Improved Machine Learning Strategies and Algorithms for Transmembrane Potential Estimation in Homogeneous Medium

Enrique Feito-Casares1, Francisco-Manuel Melgarejo-Meseguer1, Arcadi Garcia-Alberola2, Jose Luis Rojo-Alvarez1
1Universidad Rey Juan Carlos, 2Hospital Clinico Universitario Virgen de la Arrixaca


Abstract

Introduction. Research on improved methods to provide accurate estimates of the inverse problem in cardiology and electrophysiology is active today. Recently it has been proposed the use of machine learning methods that can consider the biophysical equations of the problem. Still, the search for free parameters by generalization criteria can also be crucial.

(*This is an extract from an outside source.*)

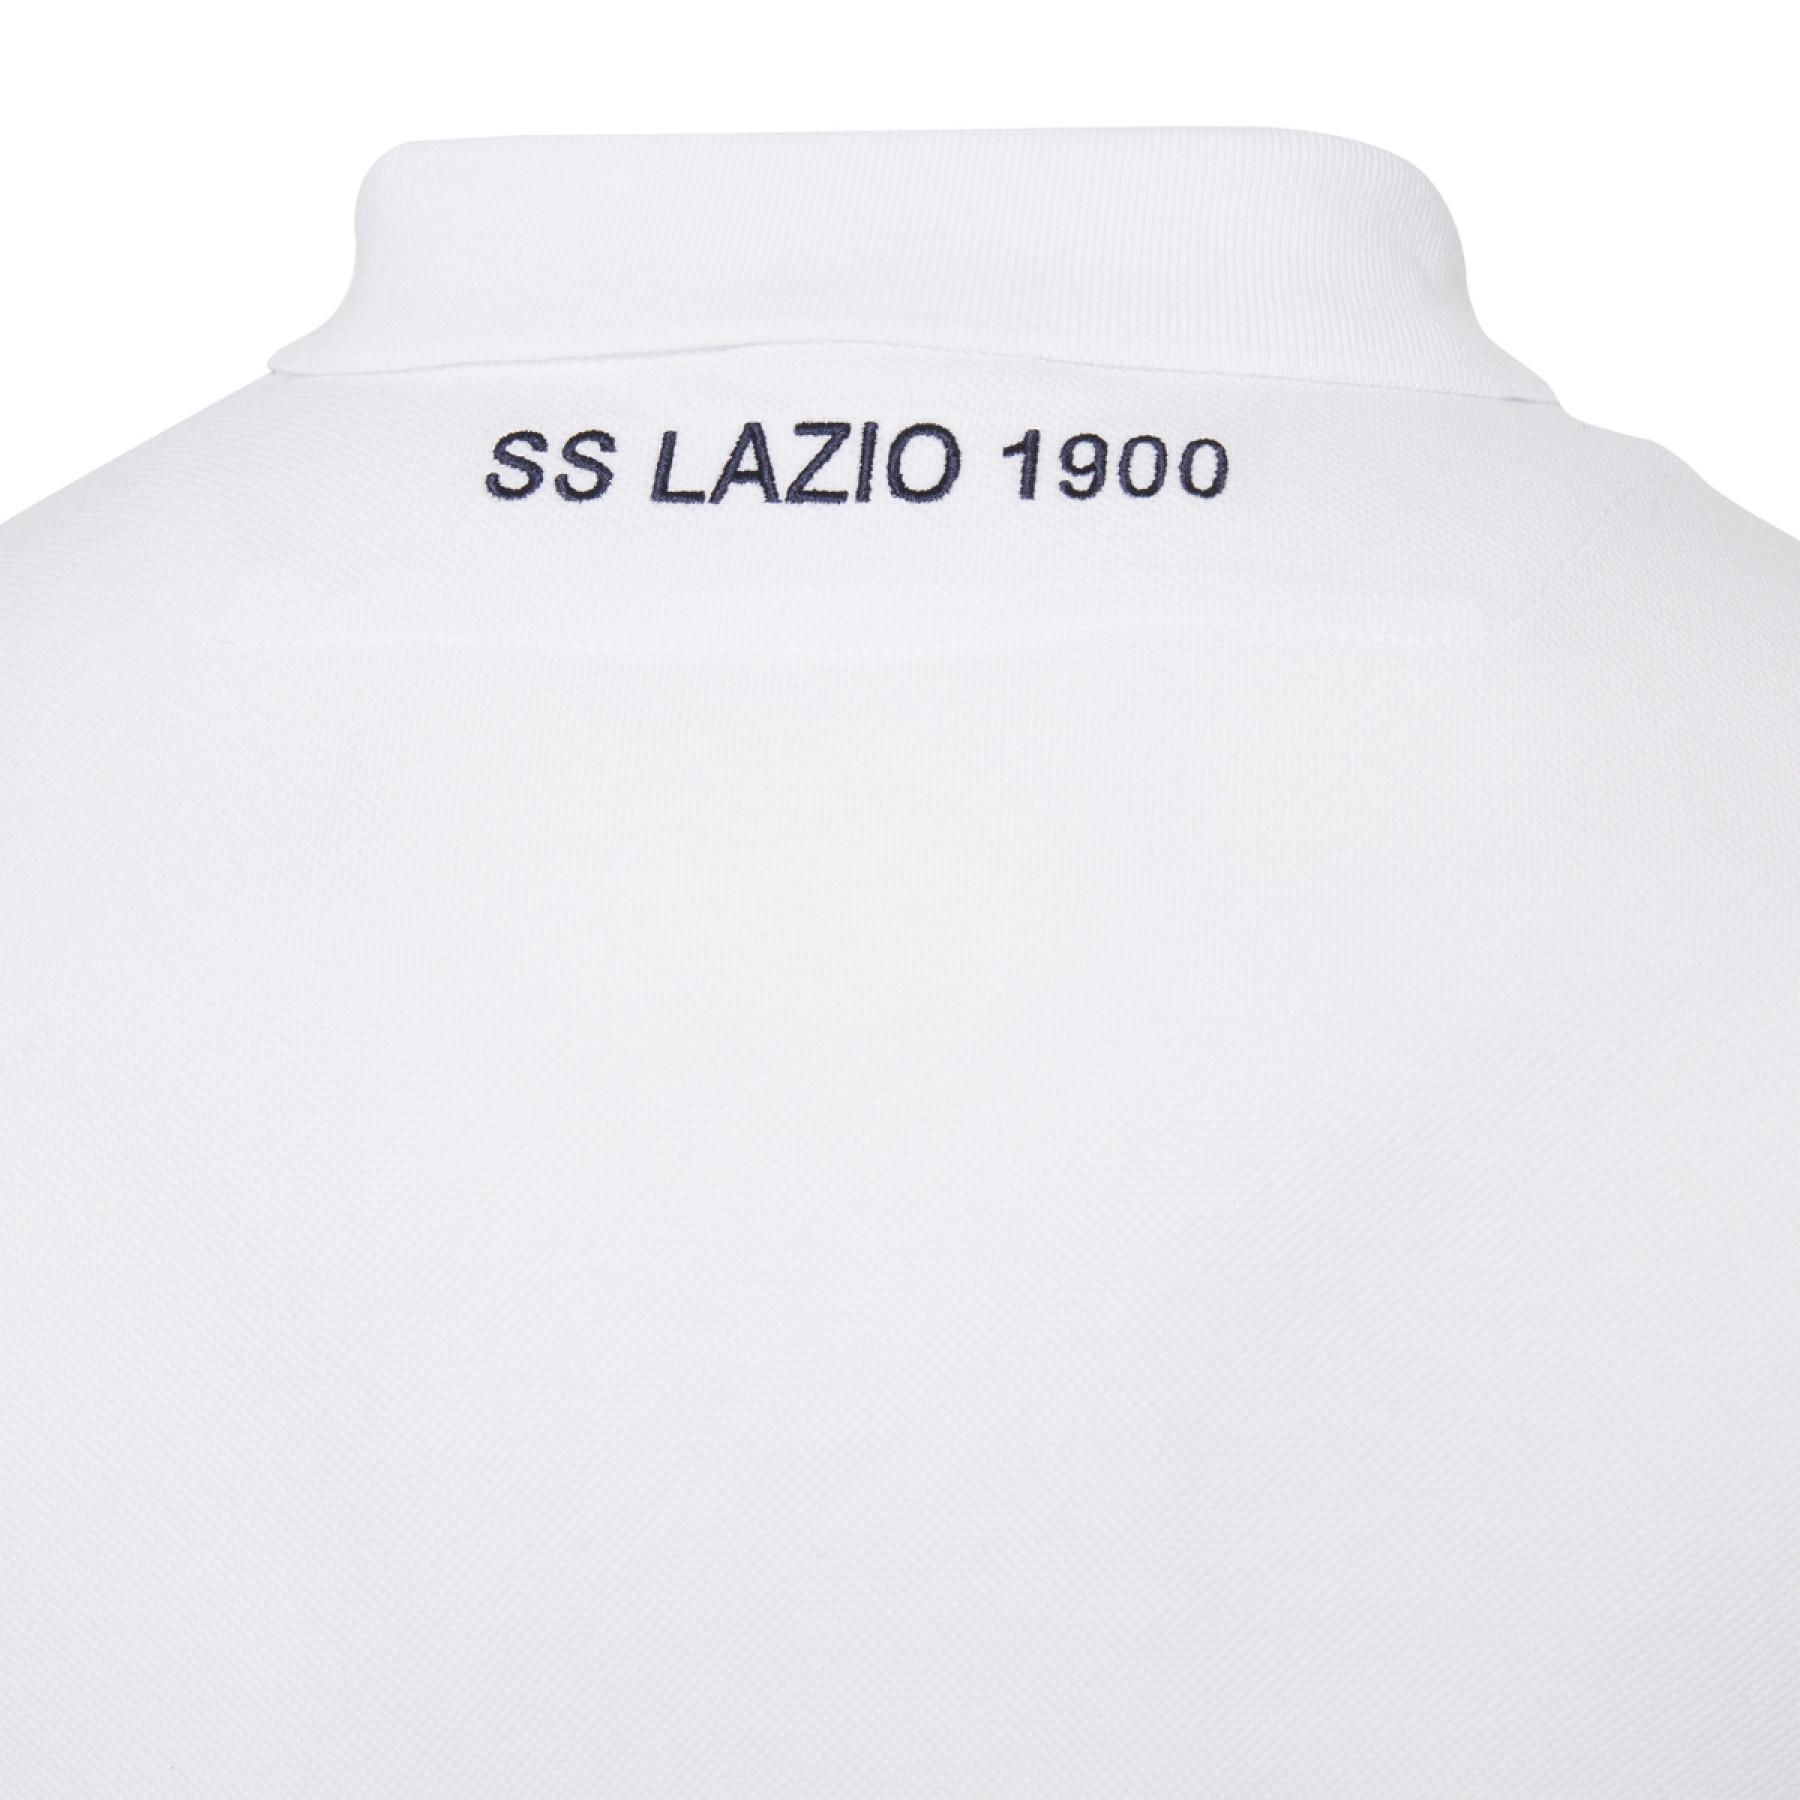 Pólo Lazio Rome coton 2020/21

In this work, we propose to explore improvements in using kernel methods for estimating the inverse problem, with kernel given by the Green's function for the infinite homogeneous potential and with recently proposed cross-validation strategies for least squares estimation. Materials and methods. Three algorithmic solvers were implemented, namely, least squares with Zero-Order Thikhonov (ZOT) regularization, Support Vector Regression (SVR), and constrained L2 (CL2) optimization. The estimation of the transmembrane action potential from the extracellular potential was studied in 1D (fiber) and 2D (tissue) simulations. The reaction was generated using the Luo-Rudy model. Experiments and results. The ZOT method was the most unstable. The SVR method provided biased results, although intermediate and acceptable accuracy, except at the edges of spatial action potentials. The CL2 method provided better performance under certain conditions of the implemented cross-validation procedure. \Conclusions. The presented work shows that the use of kernel methods, with appropriate algorithmic formulations and elaborated cross-validation criteria, provides an alternative way towards the estimation of the cardiac inverse problem in a homogeneous and infinite conductor, which can be improved by including the biophysical equations of the problem.